→ **Required action**
Give again, word for word, every line below from the one that has "Format của Ngày" through the one that has "ウィローカード 新規ご入会&ご利用キャンペーン", both included, and no others.
The input Start Marker
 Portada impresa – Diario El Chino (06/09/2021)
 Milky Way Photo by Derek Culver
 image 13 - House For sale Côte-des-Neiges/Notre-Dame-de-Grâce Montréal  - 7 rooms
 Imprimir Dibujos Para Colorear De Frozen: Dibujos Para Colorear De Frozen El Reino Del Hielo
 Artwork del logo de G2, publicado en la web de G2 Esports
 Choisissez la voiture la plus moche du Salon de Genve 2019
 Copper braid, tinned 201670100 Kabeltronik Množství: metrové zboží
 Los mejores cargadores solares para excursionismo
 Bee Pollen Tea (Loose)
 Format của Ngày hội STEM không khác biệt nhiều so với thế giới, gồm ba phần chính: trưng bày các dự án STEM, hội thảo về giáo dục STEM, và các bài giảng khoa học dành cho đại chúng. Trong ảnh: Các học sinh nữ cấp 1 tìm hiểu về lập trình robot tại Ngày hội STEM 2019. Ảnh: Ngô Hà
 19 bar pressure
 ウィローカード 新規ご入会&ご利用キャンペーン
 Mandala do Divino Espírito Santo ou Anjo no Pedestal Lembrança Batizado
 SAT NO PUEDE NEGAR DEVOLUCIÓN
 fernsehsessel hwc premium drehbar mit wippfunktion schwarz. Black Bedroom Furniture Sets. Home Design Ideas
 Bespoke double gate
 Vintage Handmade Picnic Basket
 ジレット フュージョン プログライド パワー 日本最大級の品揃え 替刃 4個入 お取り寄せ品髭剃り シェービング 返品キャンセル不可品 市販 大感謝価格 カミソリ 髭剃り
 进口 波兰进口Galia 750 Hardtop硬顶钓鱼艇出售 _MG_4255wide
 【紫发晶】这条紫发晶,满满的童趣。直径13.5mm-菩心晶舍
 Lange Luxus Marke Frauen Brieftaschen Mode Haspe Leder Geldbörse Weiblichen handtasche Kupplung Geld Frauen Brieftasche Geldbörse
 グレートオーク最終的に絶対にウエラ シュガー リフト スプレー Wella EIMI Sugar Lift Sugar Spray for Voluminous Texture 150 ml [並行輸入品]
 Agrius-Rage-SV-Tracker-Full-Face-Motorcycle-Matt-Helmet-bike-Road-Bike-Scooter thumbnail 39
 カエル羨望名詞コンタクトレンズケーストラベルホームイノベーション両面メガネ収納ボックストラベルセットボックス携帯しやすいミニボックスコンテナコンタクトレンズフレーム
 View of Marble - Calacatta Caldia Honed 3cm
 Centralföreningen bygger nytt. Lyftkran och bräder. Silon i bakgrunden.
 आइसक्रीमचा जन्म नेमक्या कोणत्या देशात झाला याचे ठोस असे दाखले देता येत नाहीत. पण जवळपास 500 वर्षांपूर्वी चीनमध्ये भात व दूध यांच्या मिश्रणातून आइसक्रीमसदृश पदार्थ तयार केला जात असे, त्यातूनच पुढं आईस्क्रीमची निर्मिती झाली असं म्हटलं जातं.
The input End Marker
→ **Result**
 Format của Ngày hội STEM không khác biệt nhiều so với thế giới, gồm ba phần chính: trưng bày các dự án STEM, hội thảo về giáo dục STEM, và các bài giảng khoa học dành cho đại chúng. Trong ảnh: Các học sinh nữ cấp 1 tìm hiểu về lập trình robot tại Ngày hội STEM 2019. Ảnh: Ngô Hà
 19 bar pressure
 ウィローカード 新規ご入会&ご利用キャンペーン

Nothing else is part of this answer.